- **Problem statement**: Retype, without pictures, the line holding "APEC SOM Chairman" and each line below it through the final line.

- **Dataset extract**:

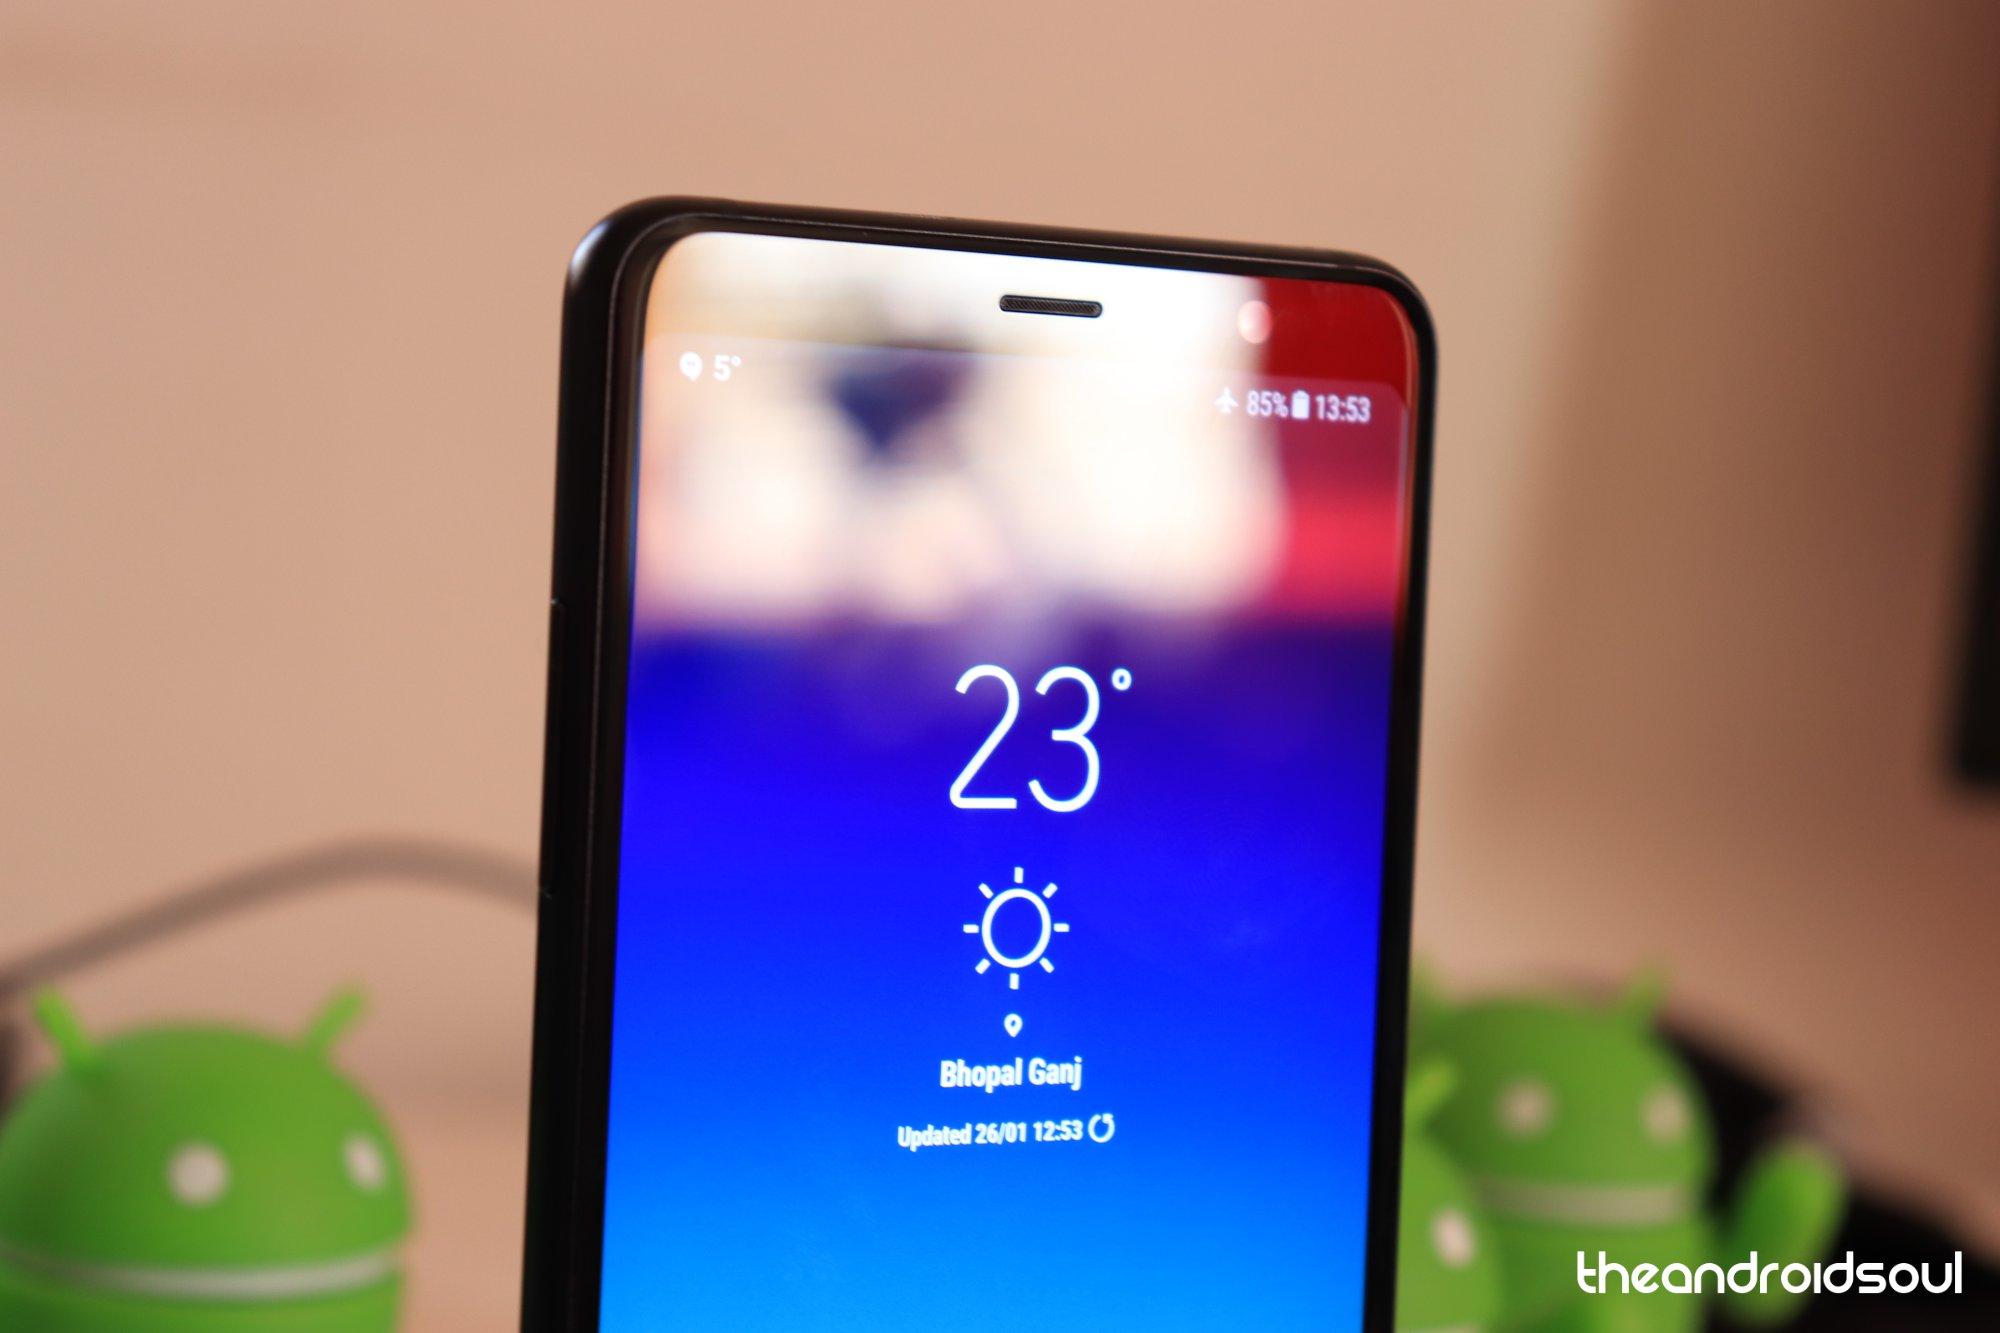 Samsung Galaxy A8 Plus phone
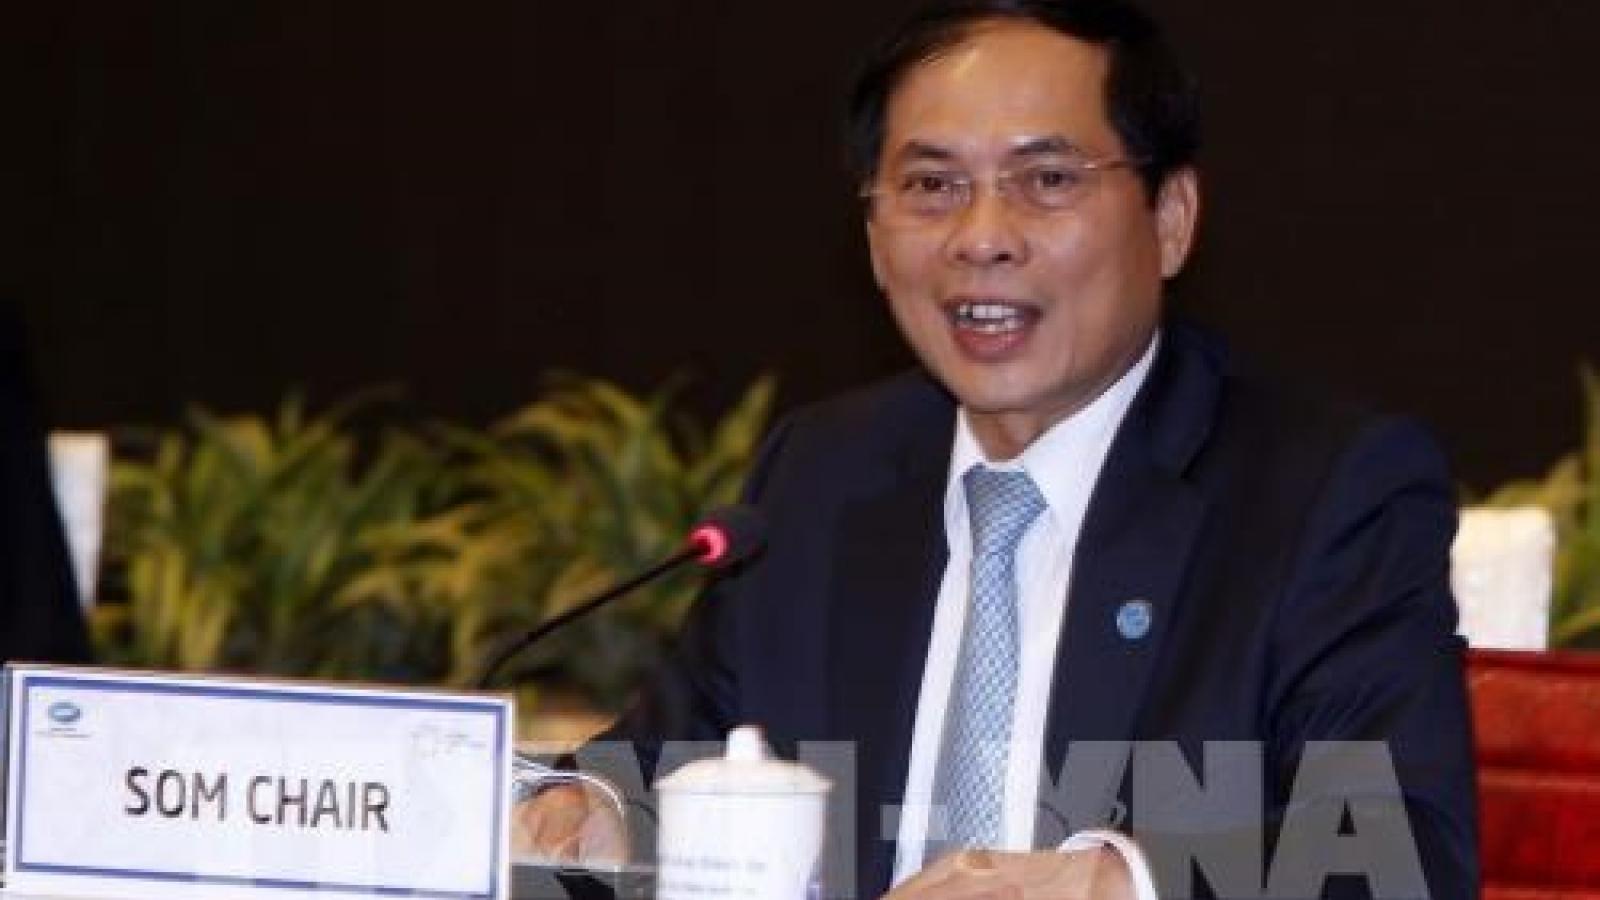 APEC SOM Chairman urges joint efforts to shape APEC's future
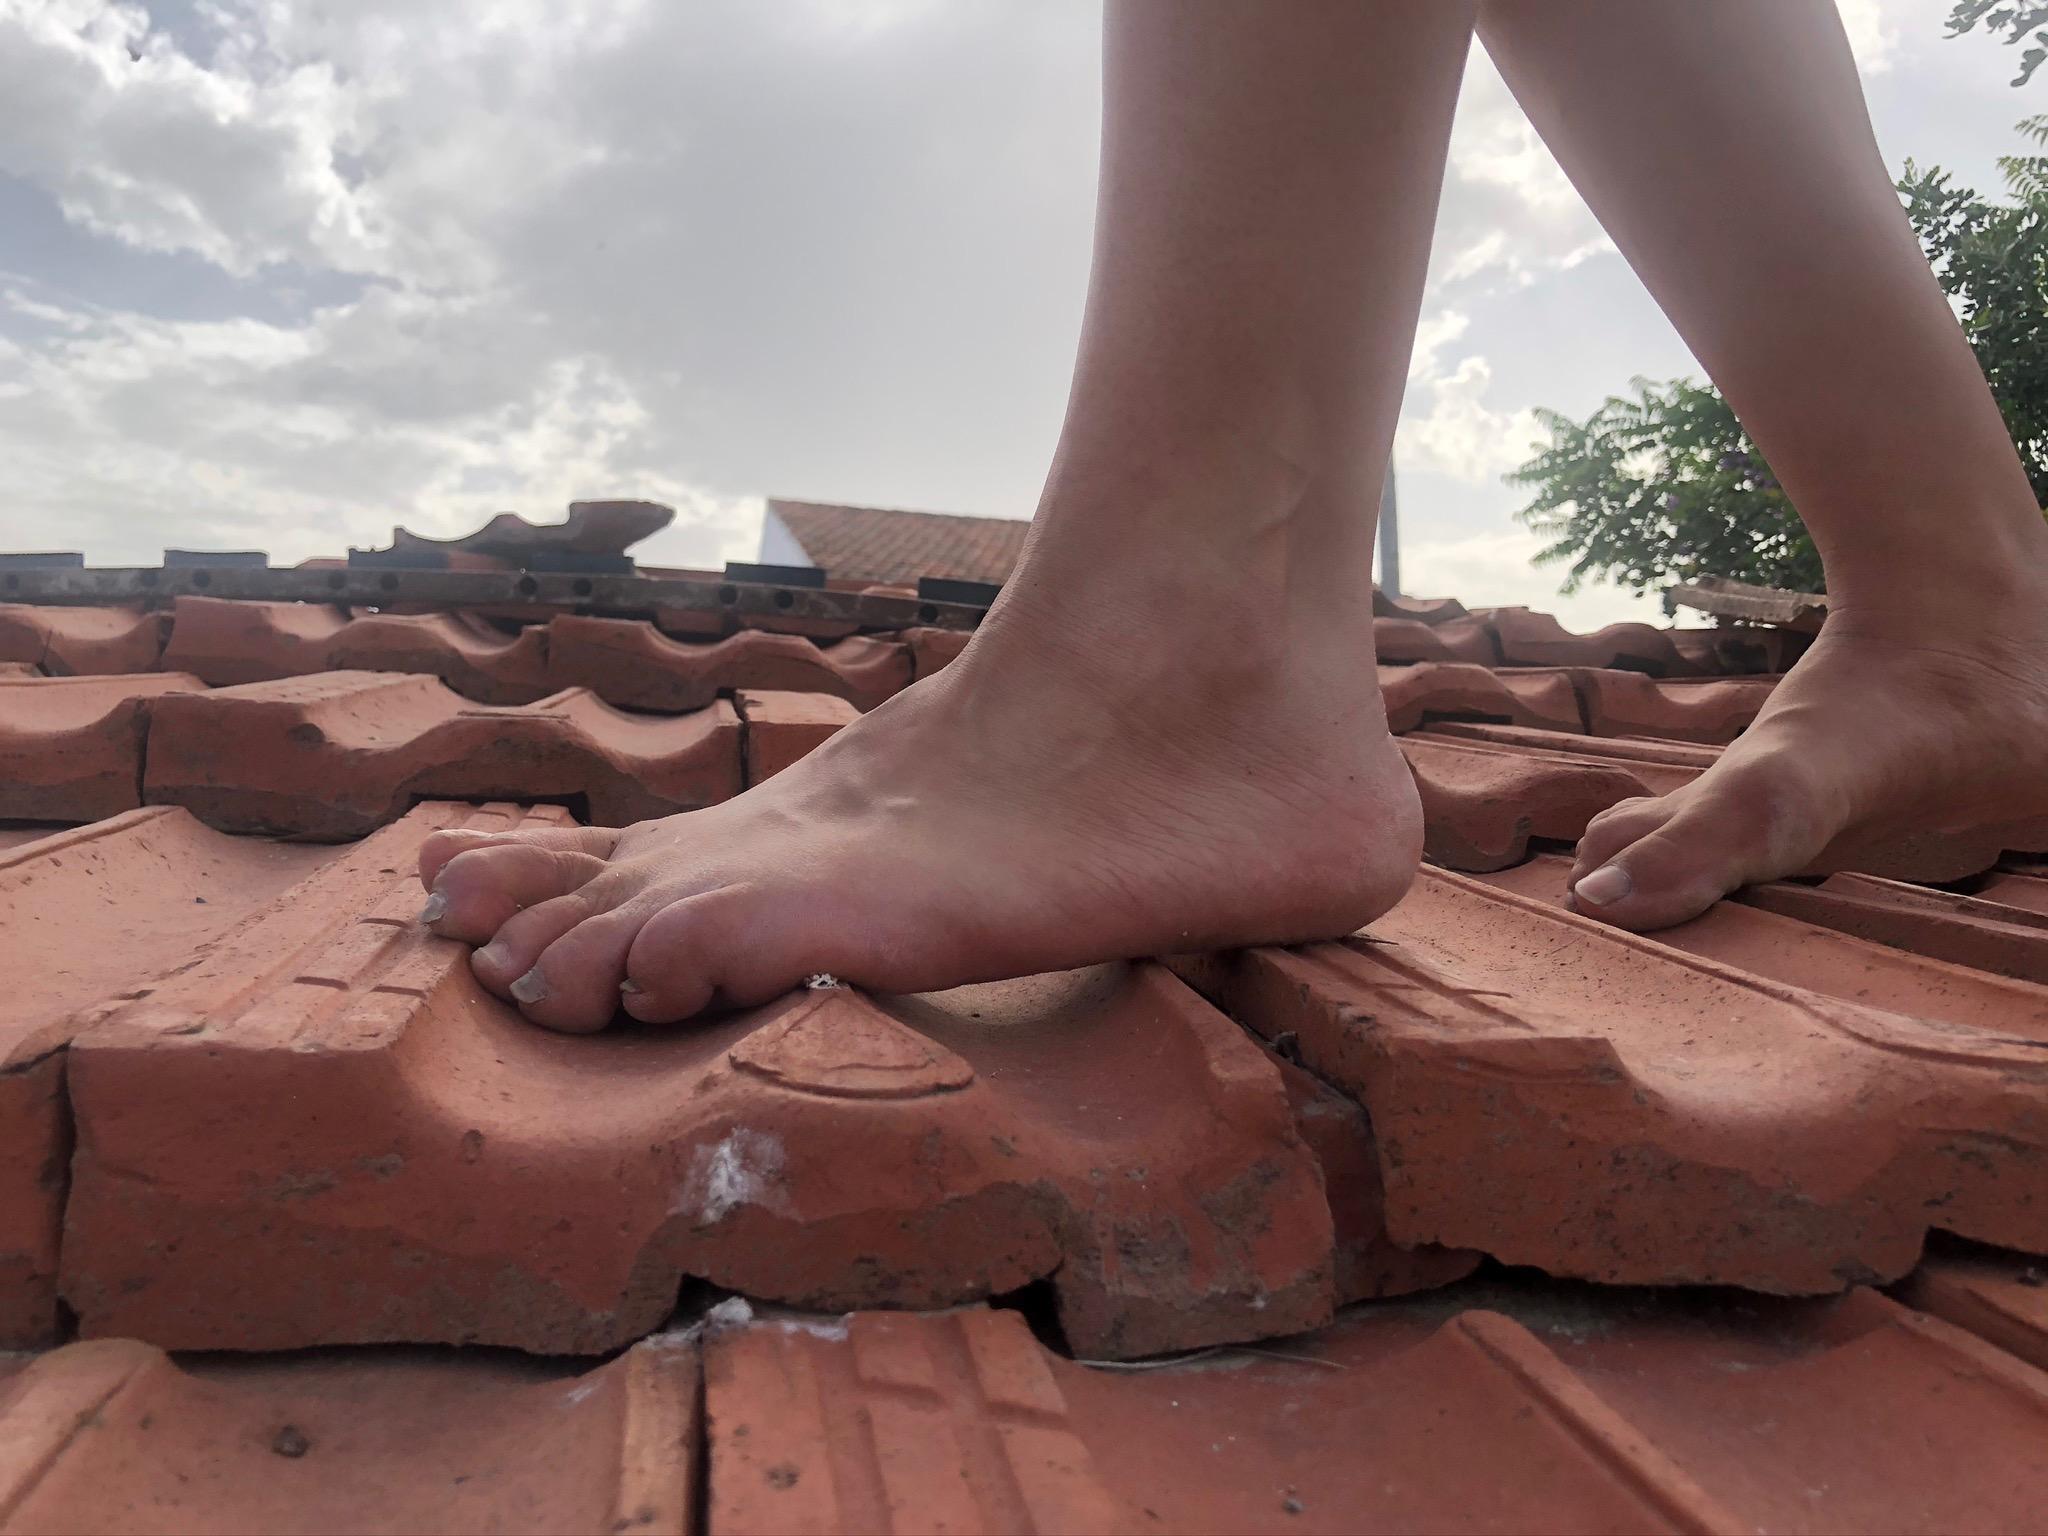 on the brick Evie Demetriou

- **Output for this exercise**:
 APEC SOM Chairman urges joint efforts to shape APEC's future
 on the brick Evie Demetriou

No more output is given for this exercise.